Walmart has prevailed in what has reportedly been a pitched battle with Amazon to acquire Indian e-commerce company Flipkart. The board of Flipkart Online Services Pvt has reportedly approved an agreement to sell 75% of the company to a Walmart-led group for $15 billion, people familiar with the matter told Bloomberg.
The proposal entails Japanese multinational conglomerate SoftBank (said to have favored Amazon’s offer) selling its more than 20% Flipkart interest at a valuation of some $20 billion, and Alphabet is expected to join in Walmart's bid, one of the sources told Bloomberg.
Board members ultimately favored Walmart's offer in part because the company believes regulators will more likely approve it than a takeover by Amazon, which is the No. 2 e-commerce operator in India behind Flipkart, Bloomberg reports. Walmart declined to comment to Retail Dive Friday and Flipkart didn’t immediately return Retail Dive’s request.
Amazon has been steadily growing its India operations since its debut there in 2013, and it's about to get a run for its money there.
It's been pretty smooth sailing for Amazon so far, despite Flipkart's appeal as a home-based enterprise. Amazon has stayed true to a strategy that has worked in other markets, most prominently launching its wildly successful Prime program in India in 2016. The U.S. e-commerce giant has rapidly amassed mobile commerce market share, accounting for 30.3% of India’s mobile commerce users in the first quarter or so last year, compared to 30.7% for market leader Flipkart, according to data from research firm 7Park Data. Amazon's mobile app engagement rate among Indian customers rose 46% year over year, while Flipkart’s app engagement rate was down 11.5% in the same period.
Amazon has taken other tacks, too, working to grow its private-label offerings and last year grabbing a 5% stake in Indian retail company Shoppers Stop. Flipkart would have furnished Amazon with distribution infrastructure, sellers and geographic areas that Amazon doesn't already have.
Instead, it will be grappling with Walmart, which in one fell swoop garners a significant e-commerce business that would have been daunting to nurture from the ground up. "It would provide significant benefit for Walmart because it certainly gives them" access to India’s burgeoning market, Mihir Kittur, co-founder of e-commerce analytics company Ugam, told Retail Dive in an interview.
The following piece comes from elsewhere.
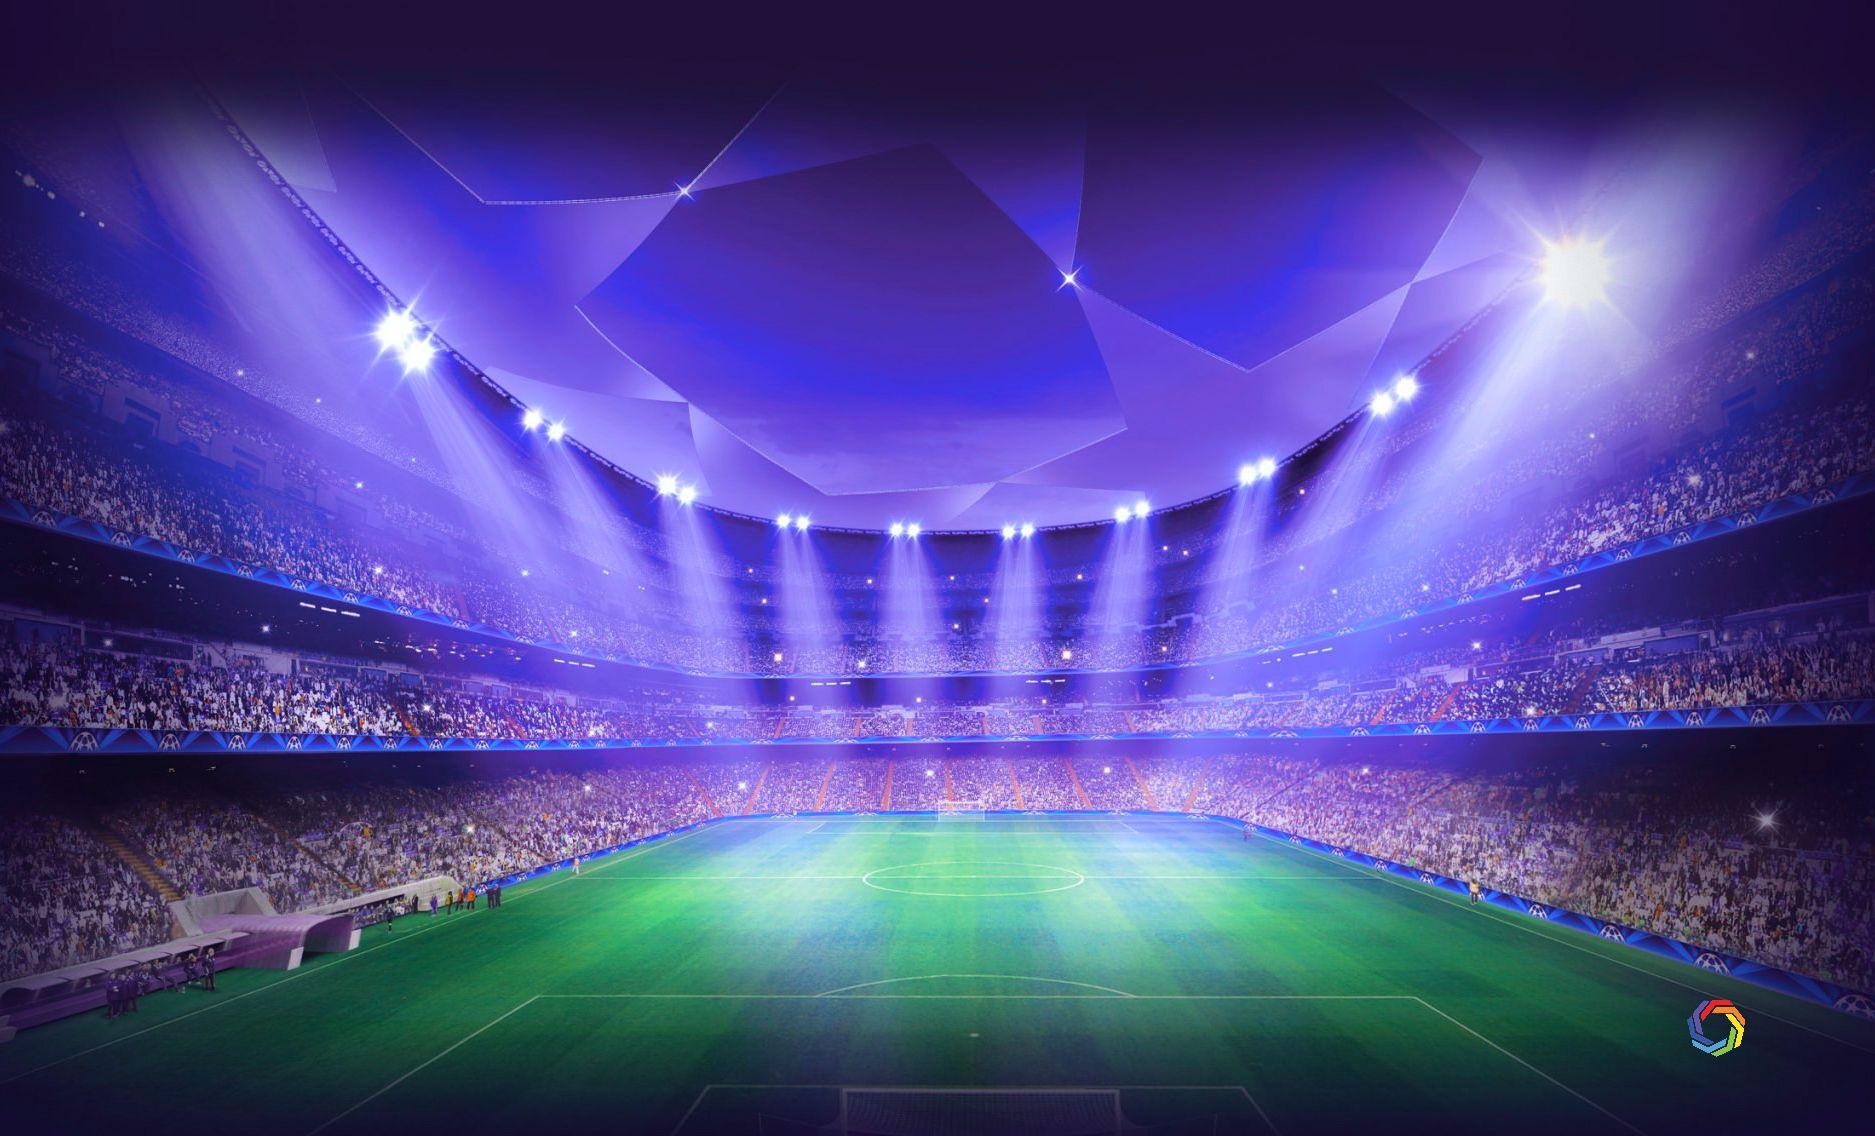 Download Free Sports Ultra Hd Wallpaper Free Hd Widescreen Wallpaper Or High Definition Widescreen Wallpapers Sports Wallpapers Free Sport Neymar Jr Wallpapers
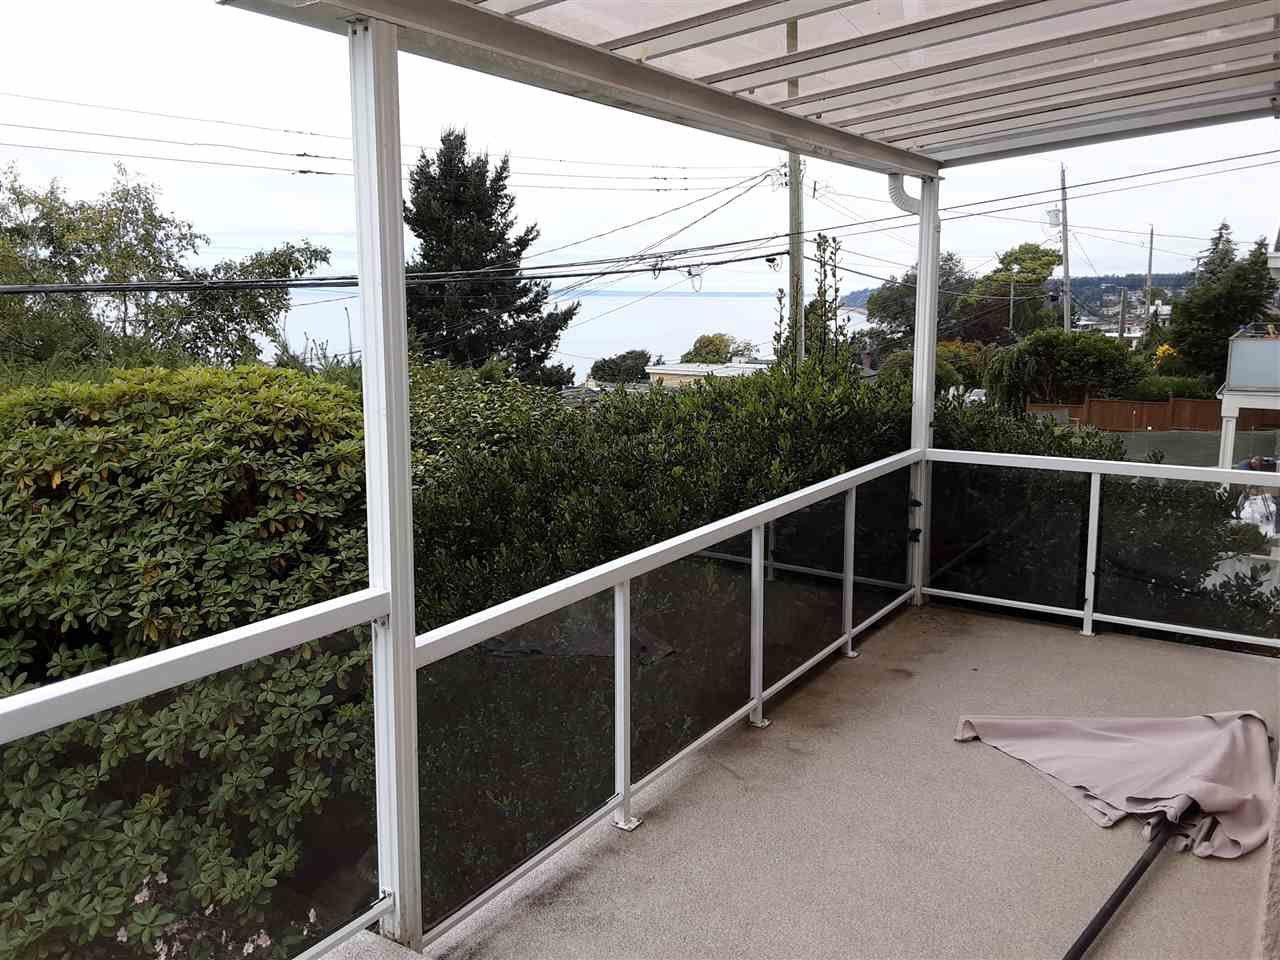 Photo 16: Photos: 15291 COLUMBIA Avenue: White Rock House for sale (South Surrey White Rock)  : MLS®# R2492863

Although Flipkart is widely known to be supported by foreign investment, it is nevertheless very much perceived as an Indian company. "There's a nationalistic part to that — Flipkart has always presented itself to be the homegrown e-commerce play," Kittur said, adding that Walmart is likely to keep the Flipkart moniker. "Reinvesting in branding is a huge exercise and Flipkart already has a good brand in India."
That could help ease concerns by Indian regulators. New guidelines from the Indian government last year are designed to push up Indian e-commerce businesses, encouraging foreign investment but not foreign ownership and operation.
Even before those new rules, India posed an undeniably intriguing opportunity for e-commerce players. A study from the Internet and Mobile Association of India found there were 52 million new internet users there in the first six months of 2015, bringing the country's total user base to 352 million as of mid-2016. And of those, 213 million — more than 60% — accessed the web through their mobile devices.
India is the top developing country for retail investment, on the strength of a growing economy and middle class, and a favorable regulatory environment, according to A.T. Kearney's Global Retail Development Index last year — outpacing even China.
Competition just got fiercer, considering that Walmart has deeper pockets that are likely to sweep away Flipkart's ongoing struggles for profitability. Morgan Stanley analysts have said Flipkart could reach $119 billion in sales by 2020. In 2016, however, they took a chunk out of Flipkart's valuation, reducing its assessment of the e-commerce venture by 27%, bringing it down to $11 billion from the $15 billion valuation it enjoyed at the time of the June 2015 funding round. (The financial services firm owns a small stake in Flipkart.)